** Data provided follows **

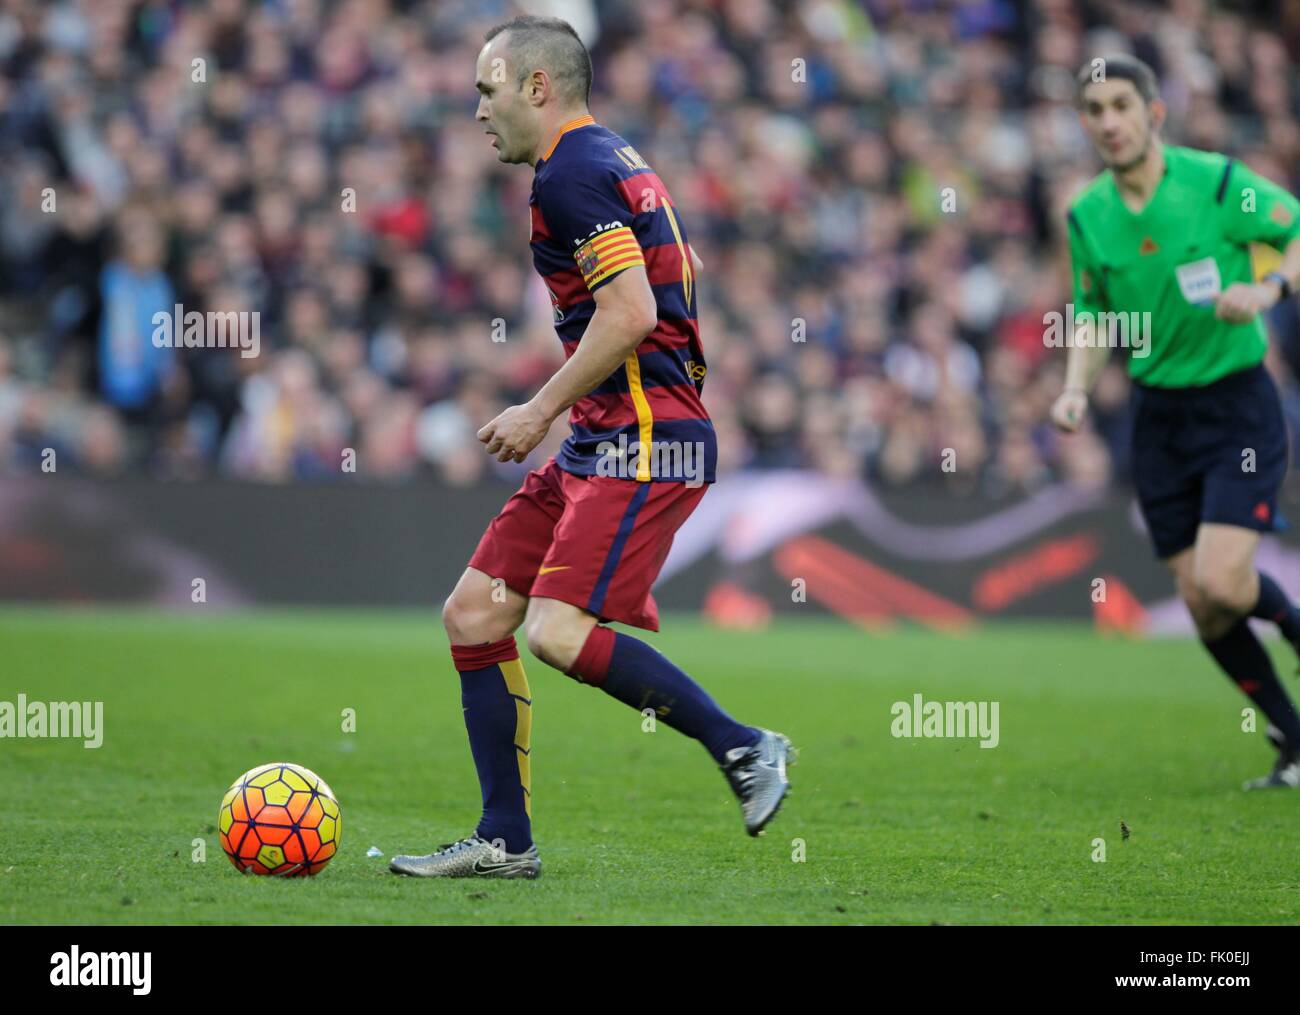 Andres Iniesta in action during the La Liga match FC Barcelona - Atlético Madrid January 30, 2016 at the Camp Nou,, Barcelona, Stock Photo
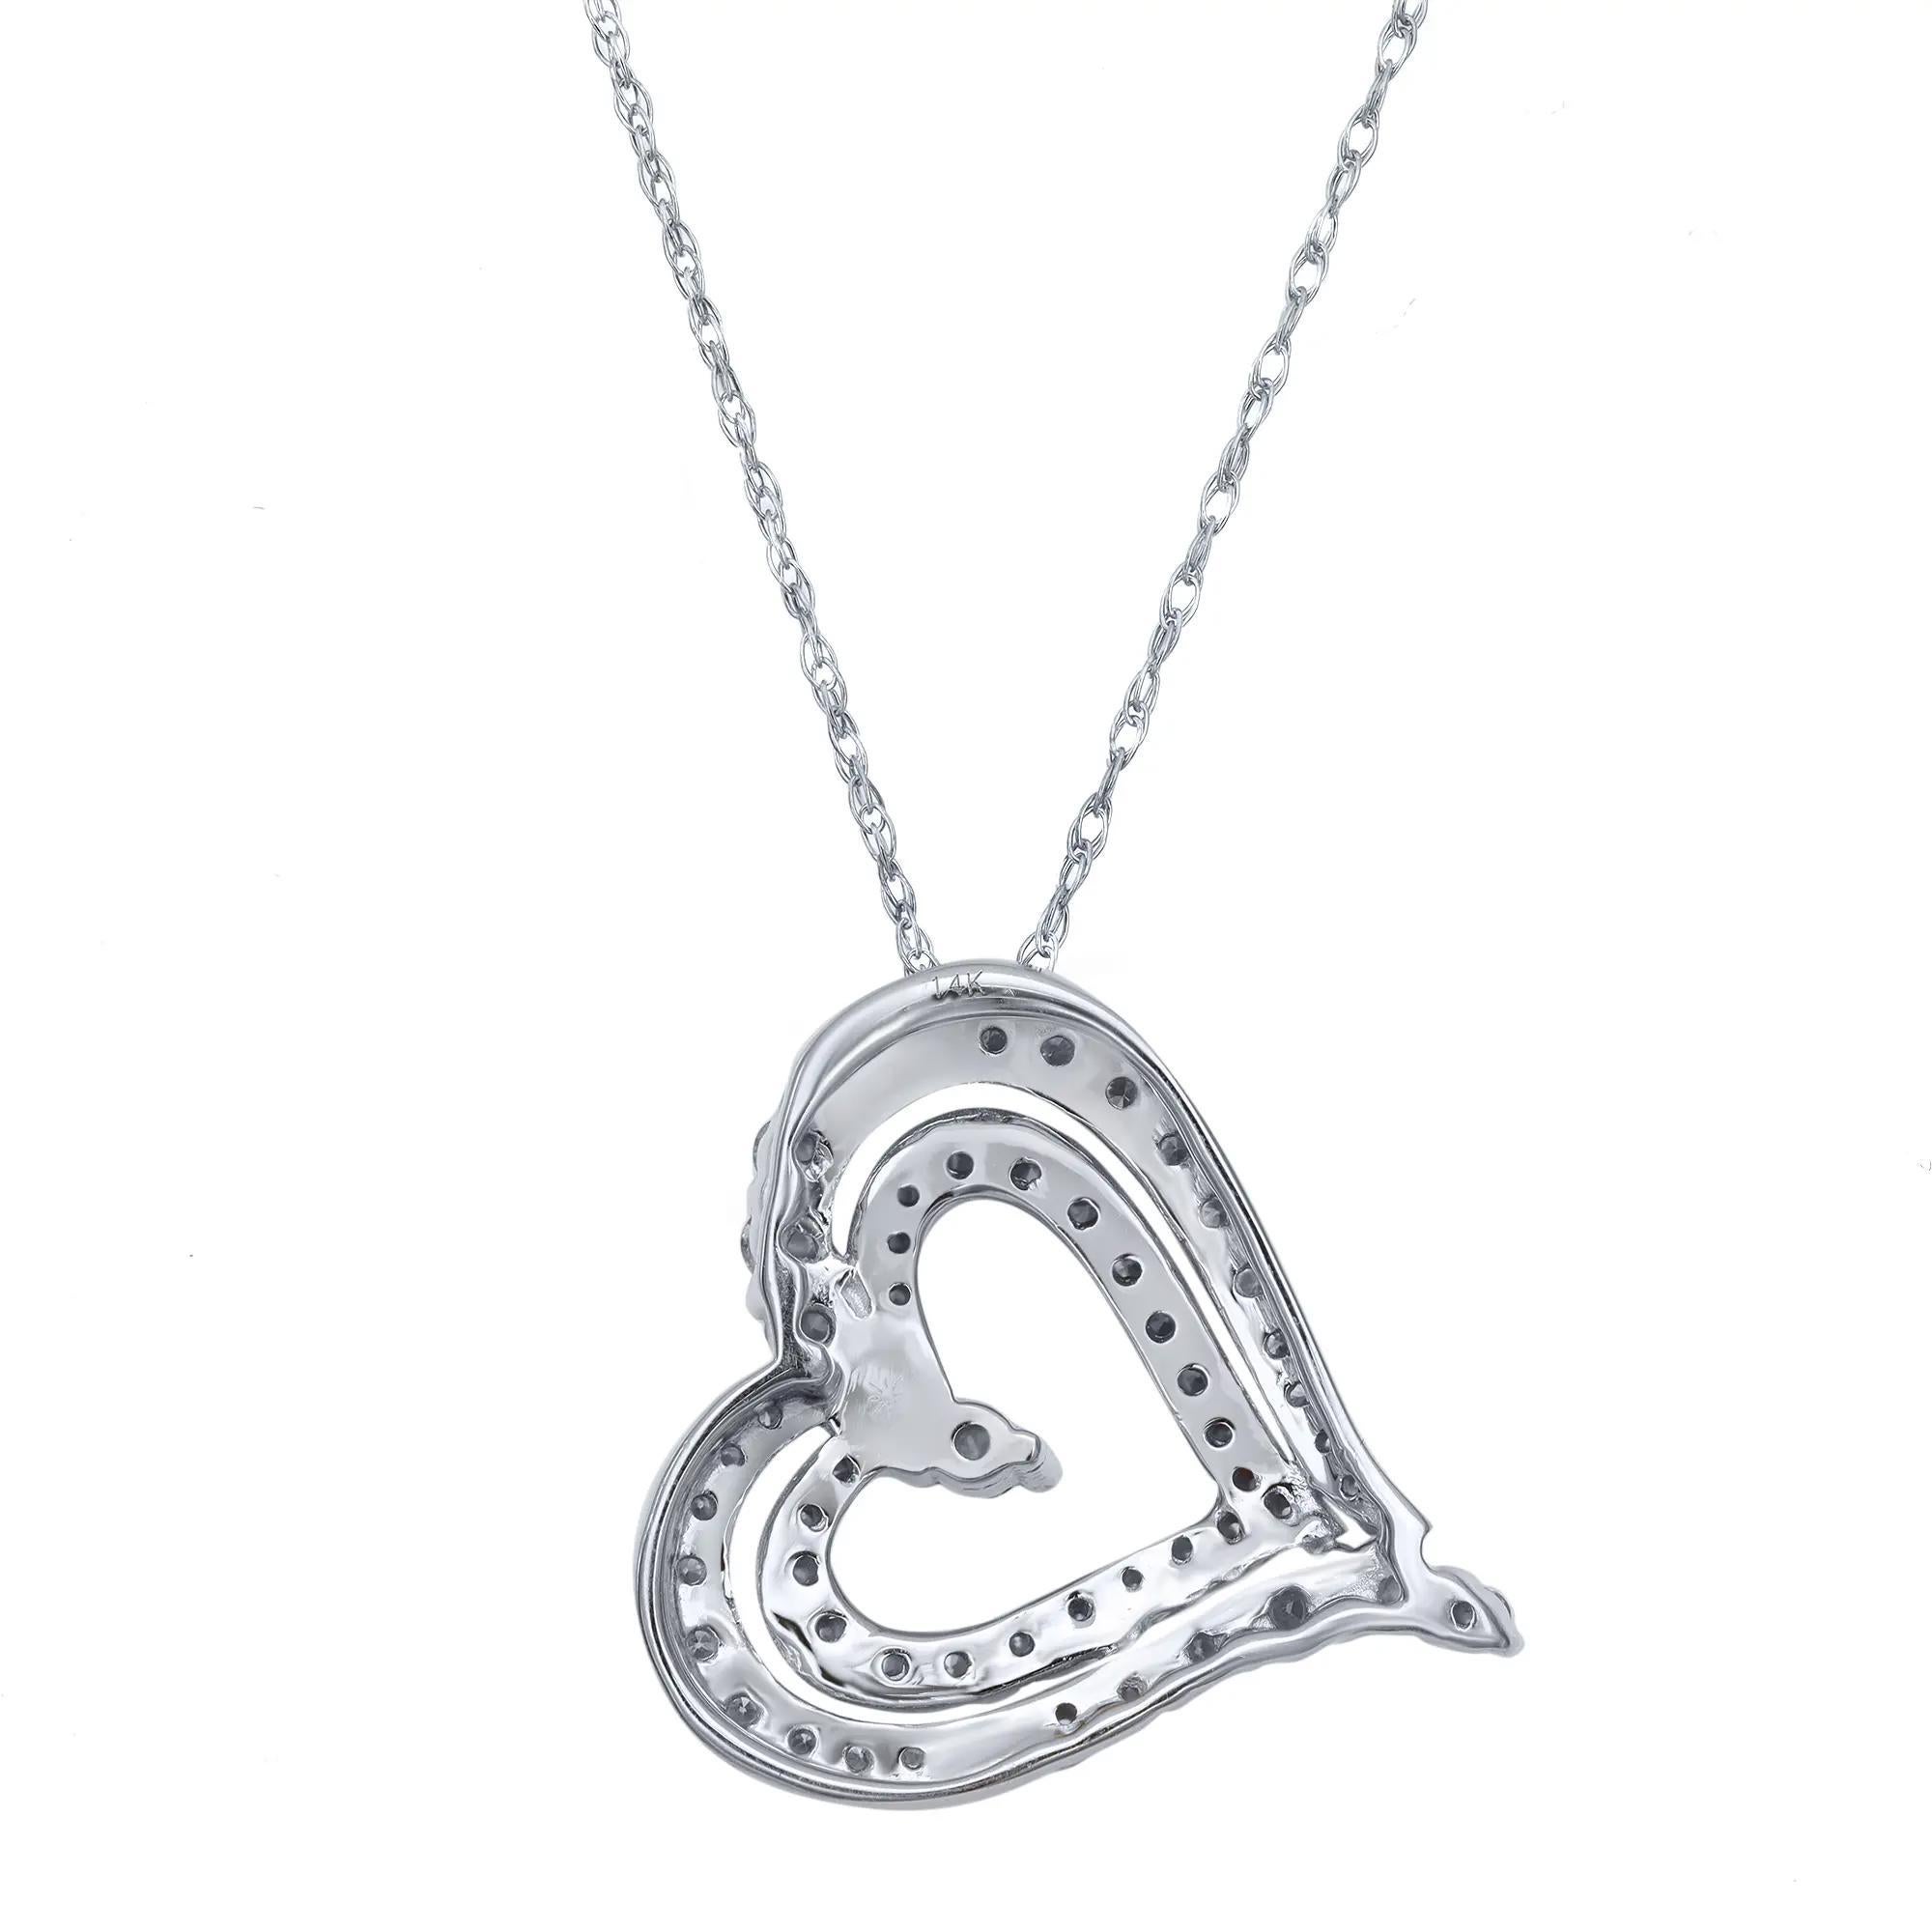 This stunning natural diamond heart pendant showcases prong set white sparkling round cut diamonds in a double heart-shaped cut out design. Crafted in 14K white gold. Total diamond weight: 0.50 carat. Each diamond is of VS-SI clarity and H-I color.
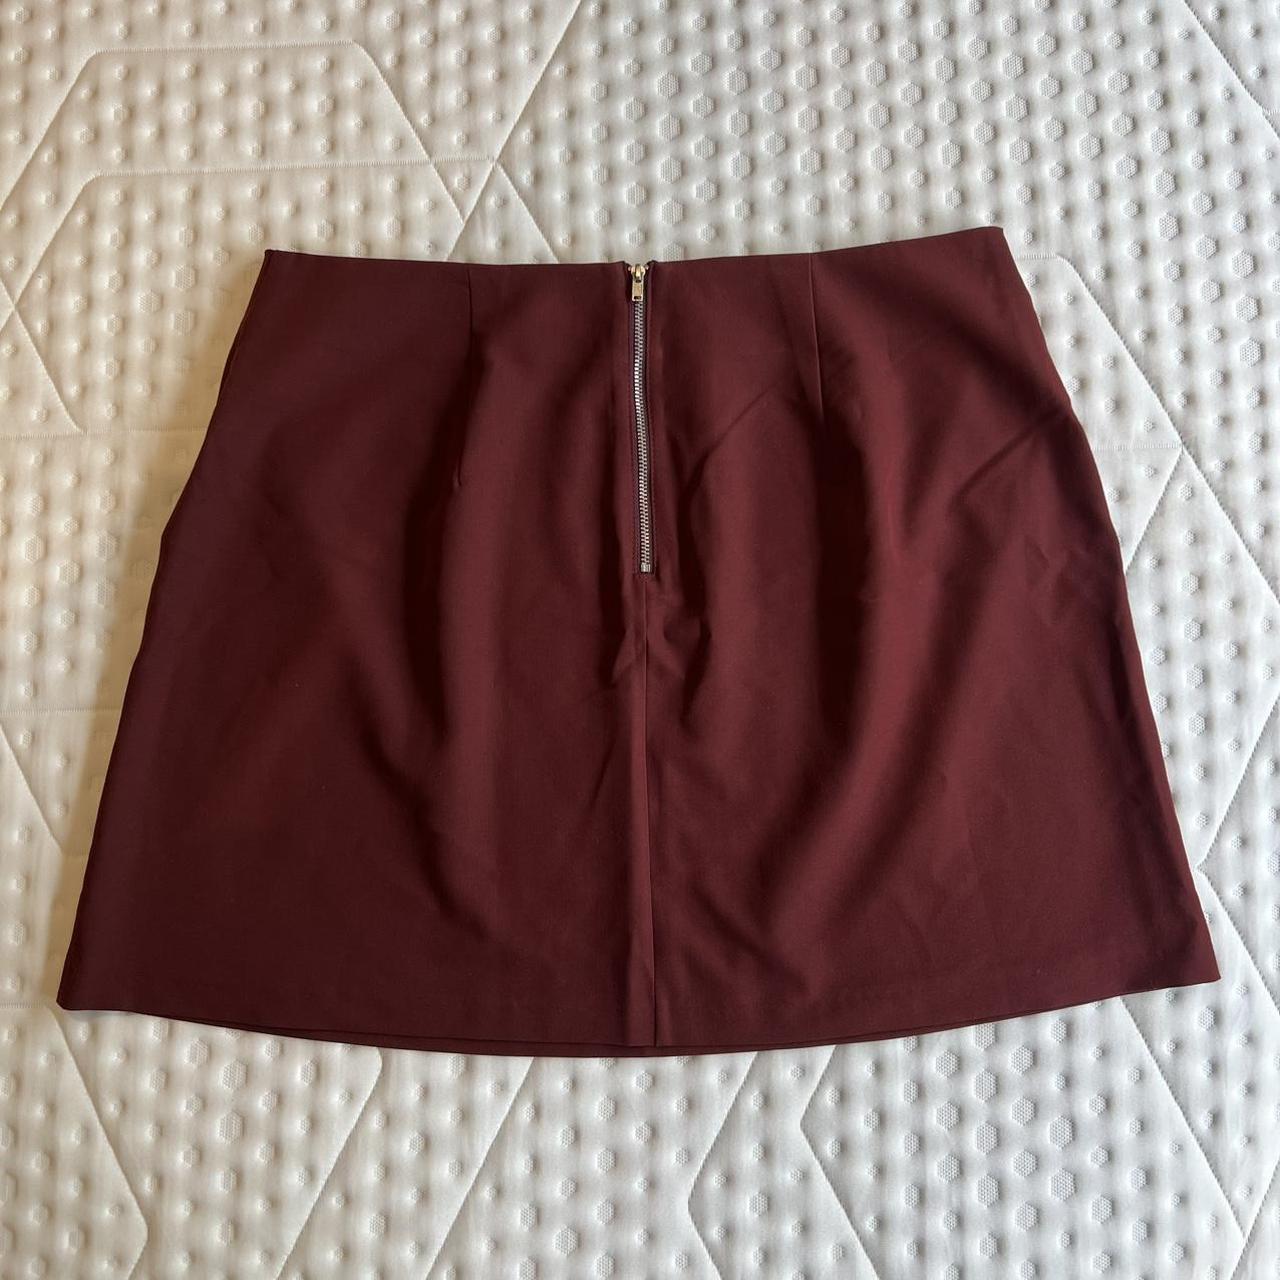 Asos mini skirt Never worn New without tags Size... - Depop

** End of Data provided **

Line by line and exactly, reproduce the span from the line with "This stunning natural" through the end of the data above, both ends included, with pictures left out.

▸ Exercise solution
 This stunning natural diamond heart pendant showcases prong set white sparkling round cut diamonds in a double heart-shaped cut out design. Crafted in 14K white gold. Total diamond weight: 0.50 carat. Each diamond is of VS-SI clarity and H-I color.
 Asos mini skirt Never worn New without tags Size... - Depop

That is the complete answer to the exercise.